After creating a directory file, we can observe that the directory file also has its own inode number. So what data is stored in the directory?

In fact, what is stored in the data block of the directory is the mapping relationship between the file name and the file inode number in the directory, and the two are the key values of each other.

Therefore, any file should be inside a directory.

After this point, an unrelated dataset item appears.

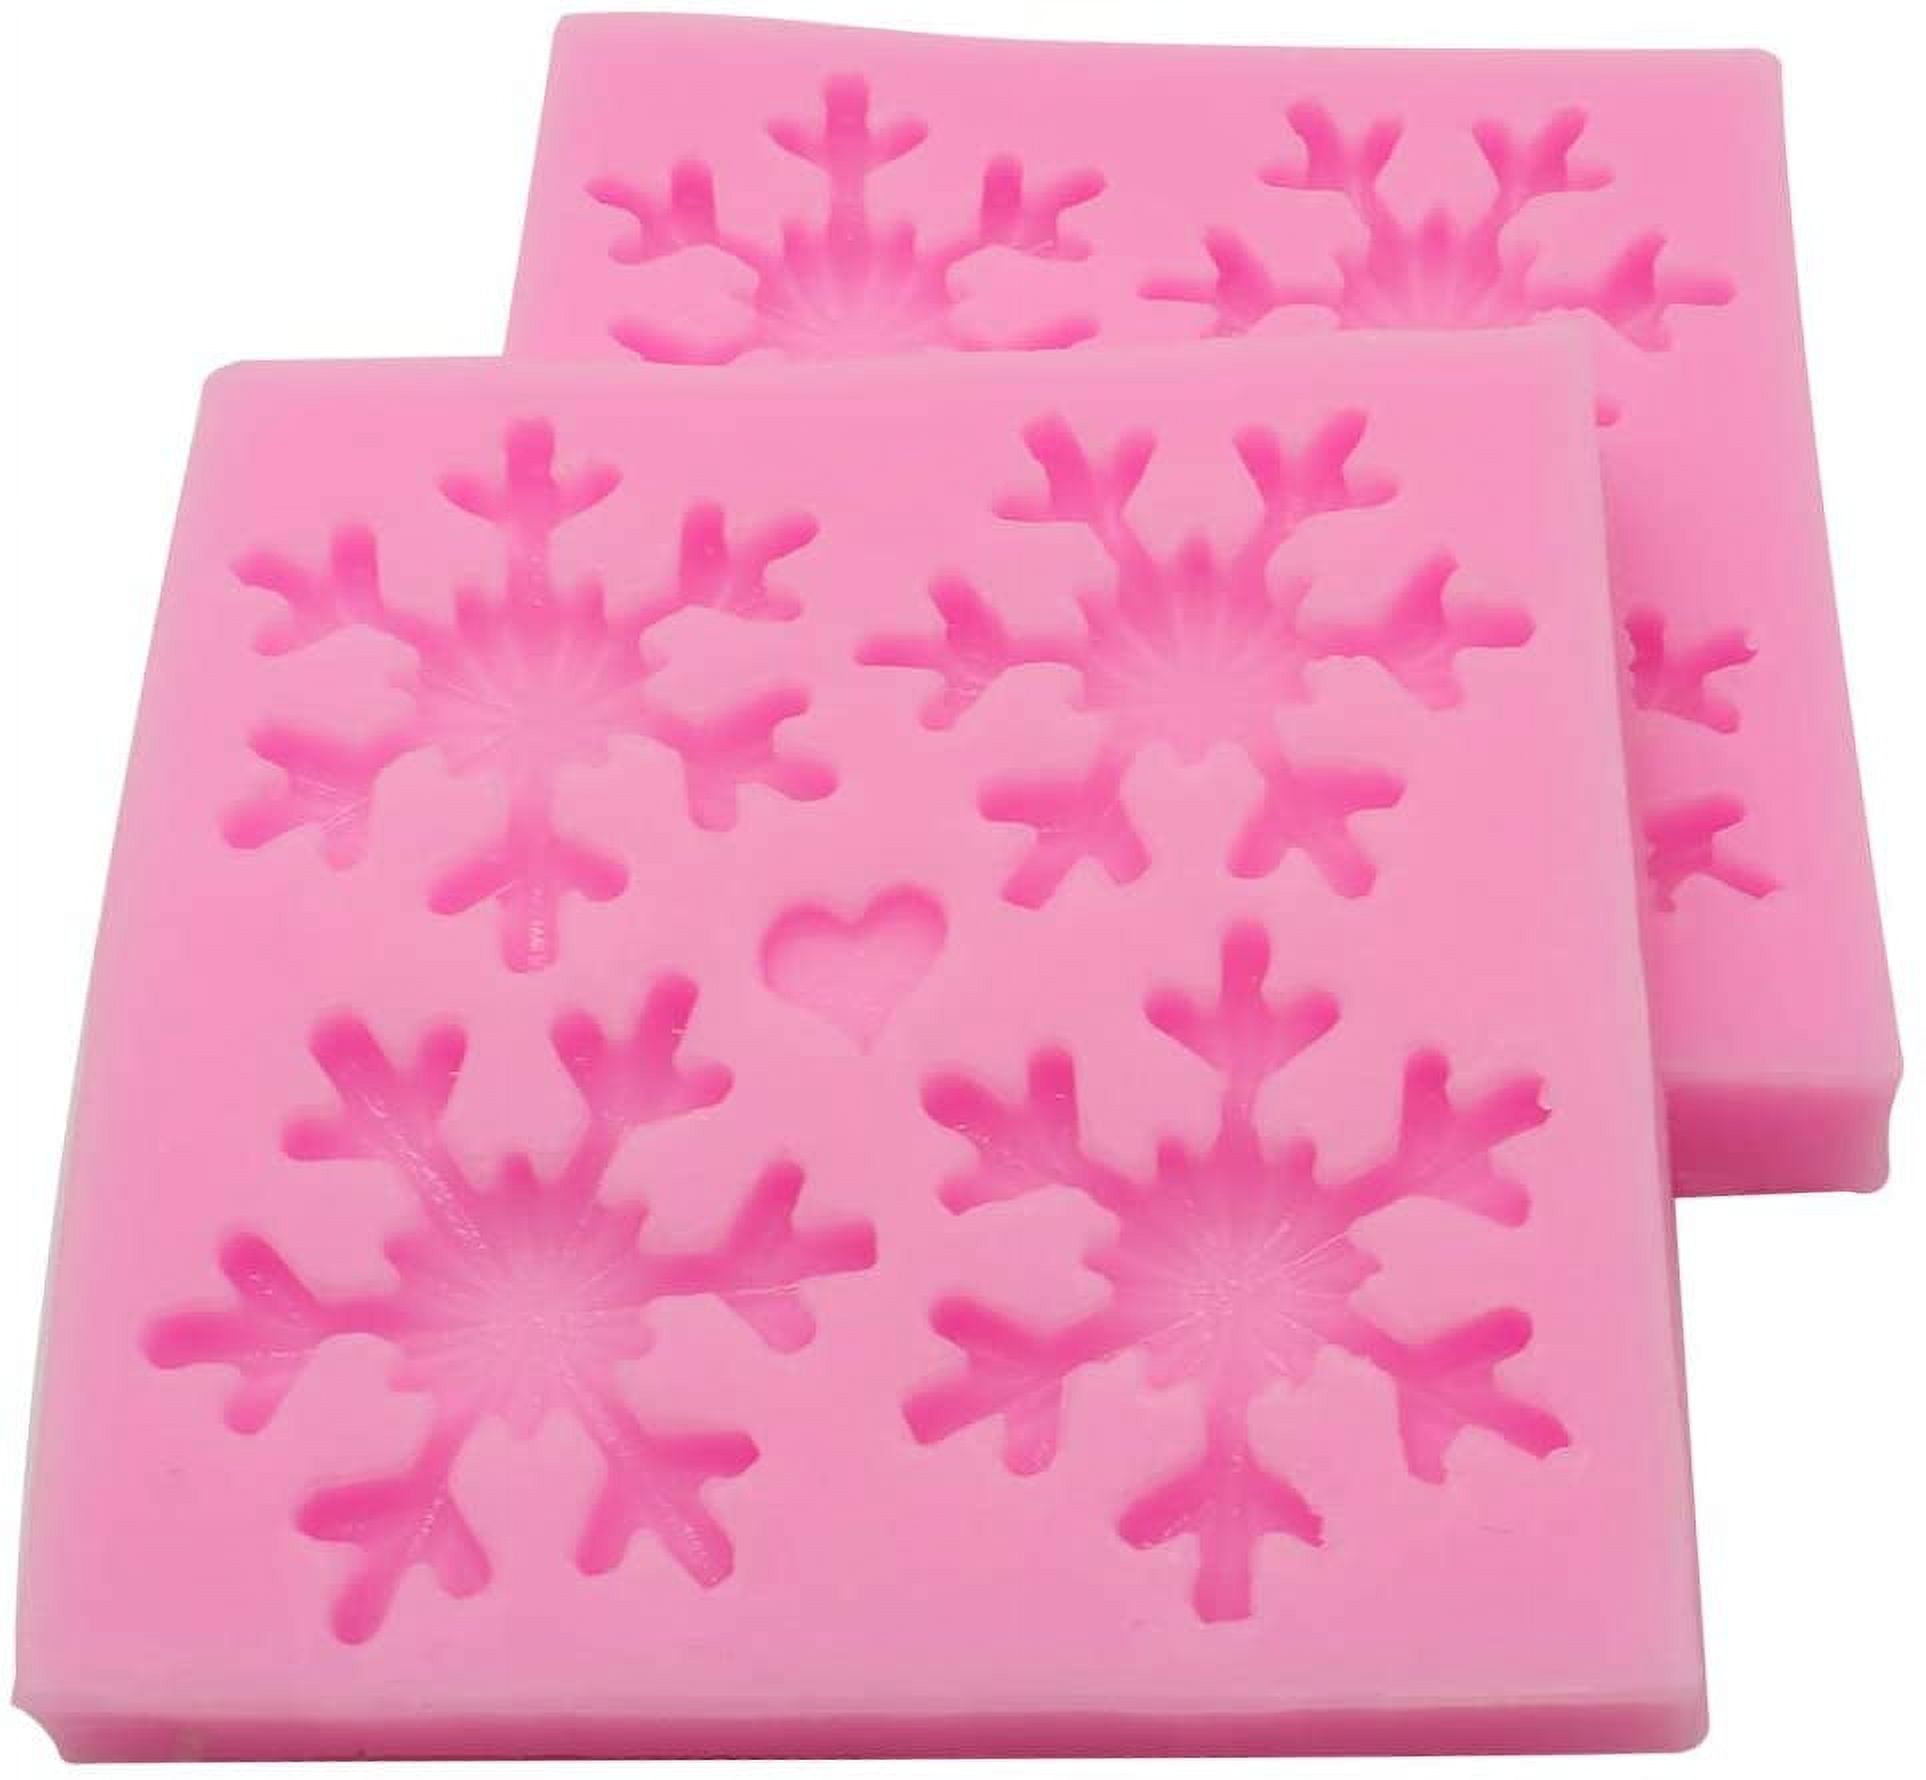 Snowflake Silicone Mold To Make Pretty Cake - Inspire Uplift

At the same time, inode can be used to determine grouping. Inode number is only valid in one partition and cannot cross partitions. (Starting position of group + position of bitmap)

Create a new file:

Stored properties
The kernel first finds a free i-node (here 263466). The kernel records file information into it.
Storing data
The file needs to be stored in three disk blocks, and the kernel finds three free blocks: 300, 500, and 800. The first block of data in the kernel buffer
Copy to 300, copy the next block to 500, and so on.
record allocation
The file contents are stored in order 300, 500, 800. The kernel records the above block list in the disk distribution area on the inode.
Add filename to directory
The new file name is abc. How does Linux record this file in the current directory? The kernel adds entry (263466, abc) to the directory file
pieces. The correspondence between the file name and the inode connects the file name to the file’s content and attributes.

Delete a file:

To delete a file, you only need to modify two bitmaps to free up the space, and it will be overwritten and written directly next time

File access:

When we access the file:

First, find the inode number corresponding to the input file name in the current directory.
A directory must belong to a partition. Find the corresponding group in the partition based on the number, and find the inode of the file in the inode table of the group.
By associating the inode with the corresponding Data Block, the relevant data is found, and other operations are performed according to the command.

How to store large files

If we directly use the array inside the inode to directly index the content in the Data Block, assuming that an array can store NUM content, does it mean that we can only store files with a maximum size of NUM * 4KB?

The answer is no. We can make the content of the data block pointed to not the direct data, but the numbers of other data blocks, thereby expanding the storage size of the file.

This indexing method is called a secondary index.